Thursday, May 7, 2009

Ransom clock is ticking down

Only hours remain to meet the demands of hackers who broke into the Virginia Department of Health database and downloaded millions of prescription records that the state keeps on narcotics and painkillers. The hackers replaced the site's home page with a ransom note demanding ten million dollars for a password to restore access to the database.

"It's an odd and puzzling crime," said Dale Bennett of the FBI. "Particularly odd was their choice of password - 'OxyCotton'. It only took us about an hour to crack that one. If they'd been able to spell OxyContin correctly, we would have cracked it in under five minutes."

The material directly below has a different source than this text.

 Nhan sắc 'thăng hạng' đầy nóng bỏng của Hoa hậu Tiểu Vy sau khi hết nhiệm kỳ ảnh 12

"Right now, our biggest challenge is figuring out what they plan on doing if we don't pay the ransom," explains Bennett. "They've got it all set up with a PayPal account, and those things are so secure that we don't have a prayer of identifying the owner. But ten million dollars, that's a lot to pay for a bunch of prescription data. I guess it's conceivable that they might try going through the data and trying to find somebody to blackmail, but I don't know, it seems that Rush Limbaugh has made it perfectly acceptable for an American citizen to take all the prescription drugs they want."

"There's a very good chance that we'll just let the deadline pass without taking action," says Sandra Whitley Ryals, the director of Virginia's Department of Health. "My kid's got a softball game this evening, and quite frankly, I'm not sure why the heck we started tracking this type of information to begin with."